The Active Bystander is a high-level overview of the 16-hour TECC course and an excellent introductory class. This would be a basic course for people who have undergone CPR/First Aid, CLS, or TCCC. However, as this is an introduction, it has value. After this course, I would attend the Advanced course and CPR/First Aid with AED.

“There’s no harm in hoping for the best as long as you’re prepared for the worst.”

― Stephen King, Different Seasons

Key Takeaways

“SCAB-E” exam

  • S = Situation
  • C = Circulation
  • A = Airway
  • B = Breathing
  • E = Everything Else

4 R’s

  • Recognize the threat and get through the arc to the decisive moment
  • Respond according to your emergency plans
  • Rescue the injured and initiate care
  • Report what you know and where you are

RUN and/or HIDE and/or FIGHT

Understanding Tactical Emergency Casualty Care

Civilian operational medical care framework for medical response during high threat events. Based on tactical Combat Casualty Care but adapted to civilian data, language, protocols, population, and civilian operational constraints. Developed and maintained by the 501 3(c) Committee for TECC (www.C-TECC.org)

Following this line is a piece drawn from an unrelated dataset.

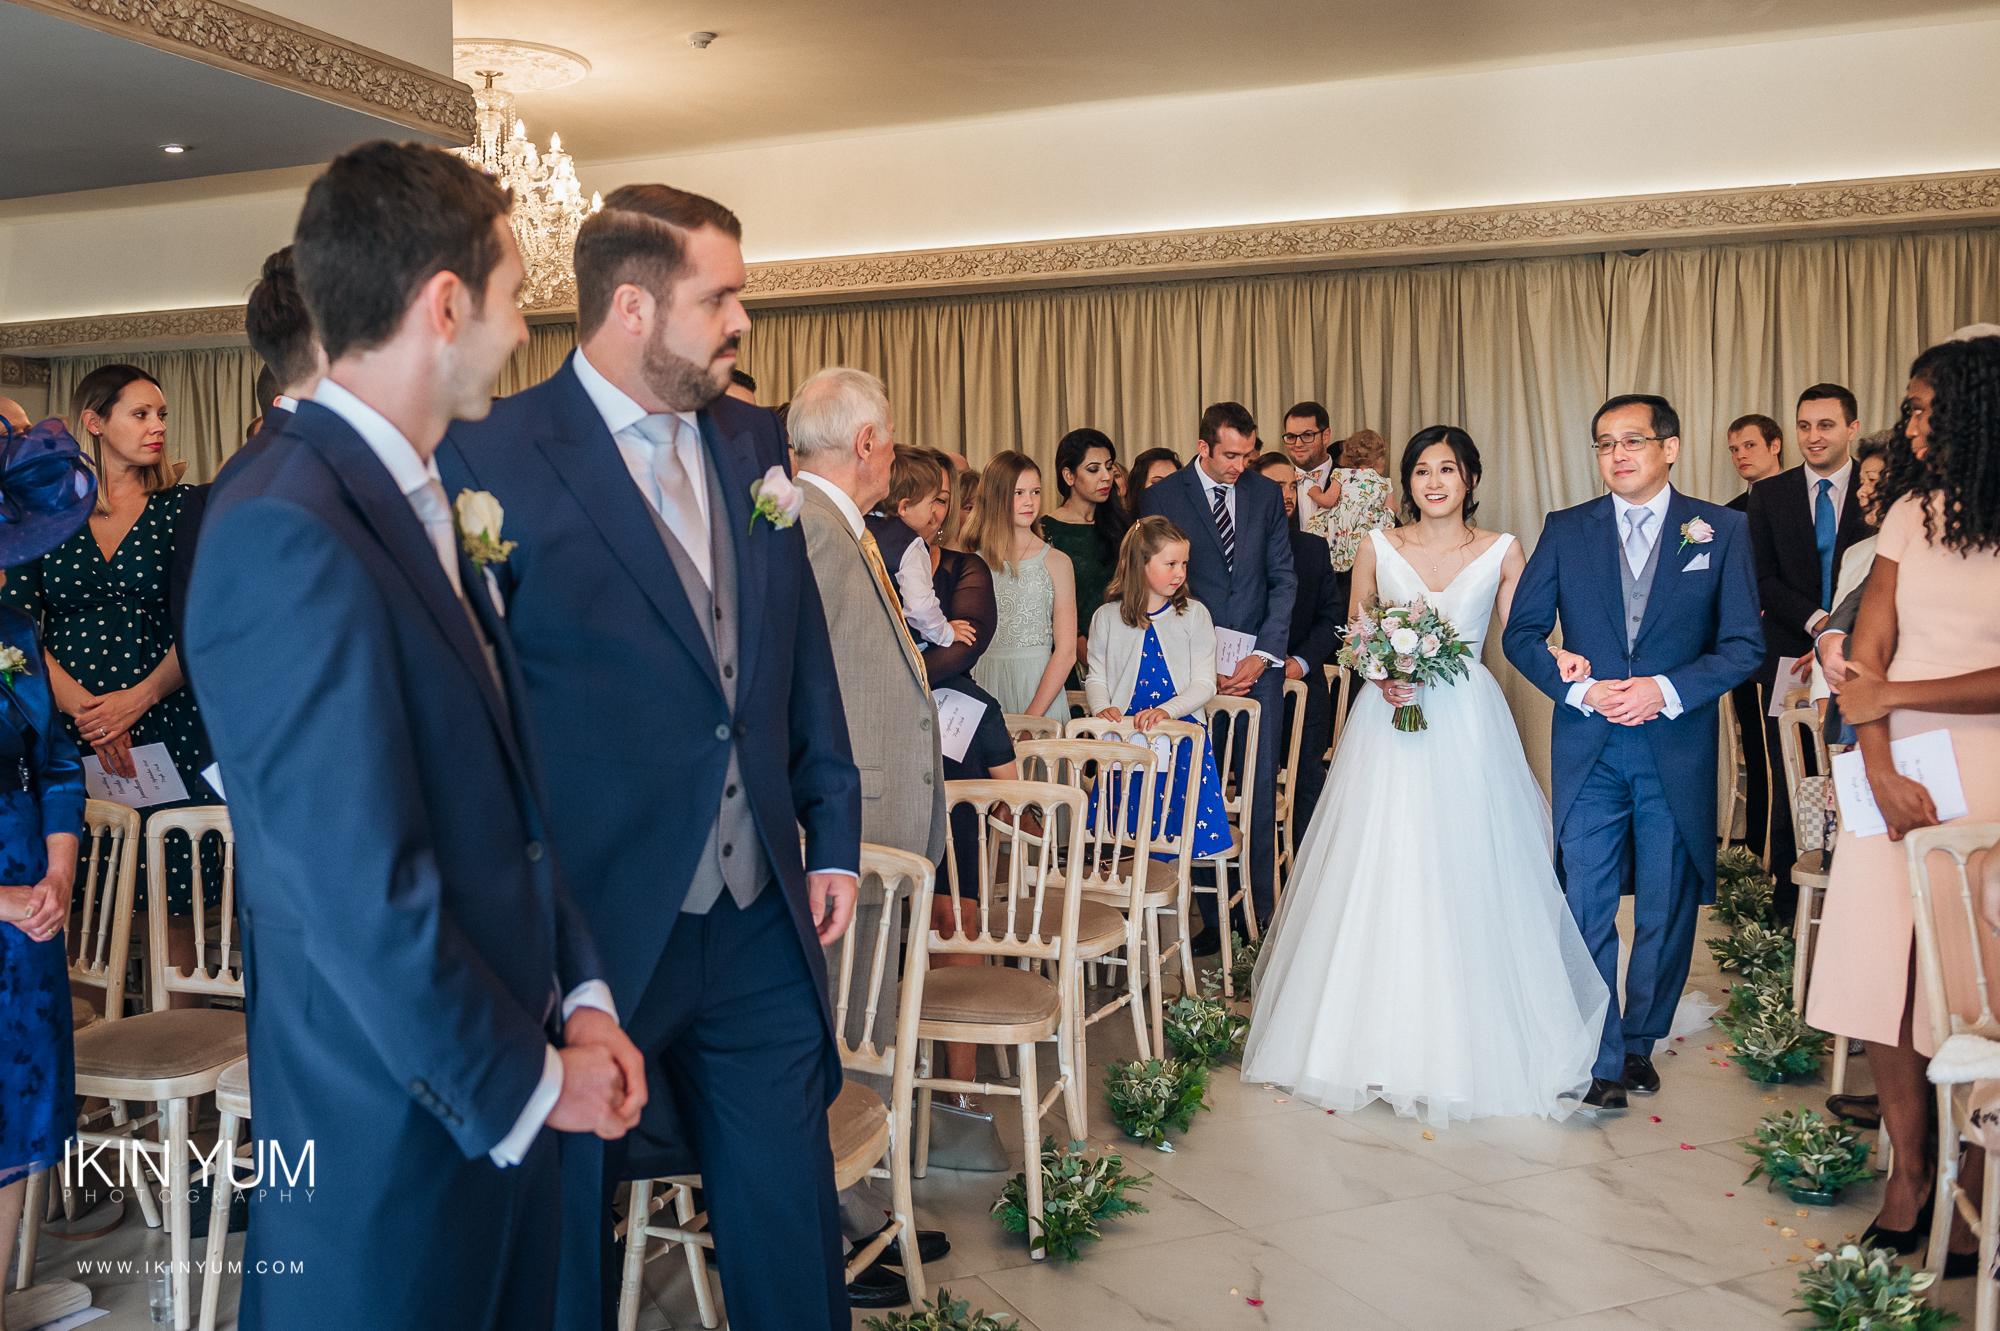 Nicola & Jonny Wedding Day - Ikin Yum Photography-050.jpg

Tactical Emergency Casualty Care

TECC Phases

  1. Direct Threat Care: Emphasis on mitigating the threat, moving the wounded to cover an area of relative safety, and managing massive hemorrhage utilizing tourniquets. Additionally, emphasis was placed on the importance of various rescue and patient movement techniques and rapid positional airway management if operationally feasible. Treatment and operational requirements are the same for all levels of providers during this phase of care.
  2. Indirect Threat Care: Initiated once the casualty is in an of relative safety, such as one with a proper cover or one that has been cleared but not secured where there is less chance of rescuers being injured or patients sustaining additional injuries. Assessment and treatment priorities in this phase focus on the preventable causes of death as defined by military medical evidence: Major Hemorrhage, Airway, Breathing/Respirations, Circulation, Head & Hypothermia, and Everything Else (MARCHE). Four different levels of providers were assigned to the scope of practice and skill sets based on the level of training and certification.
  3. Evacuation Care: An effort is being made to move the casualty toward a definitive treatment facility. Most additional interventions during this phase of care are similar to those performed during normal EMS operations.  However, significant emphasis is placed on reassessment of interventions and hypothermia management.

Case Studies

TECC has been used in many real-world scenarios with impressive results. For example, during the Boston Marathon bombing 2013, TECC helped emergency responders save lives. The principles of TECC were applied in the field, and the injured were quickly transported to hospitals where they received further care. TECC helped ensure the wounded received the best care possible in a high-threat environment.

Another example of the practical application of TECC is during active shooter situations. Emergency responders must quickly assess the situation and care for the injured while ensuring safety. The principles of TECC can help responders prioritize care and provide the best possible care in a high-threat environment.

Overall, the future of TECC looks bright. With continued innovation and research, we can ensure first responders have the tools and knowledge to save lives in even the most dangerous situations.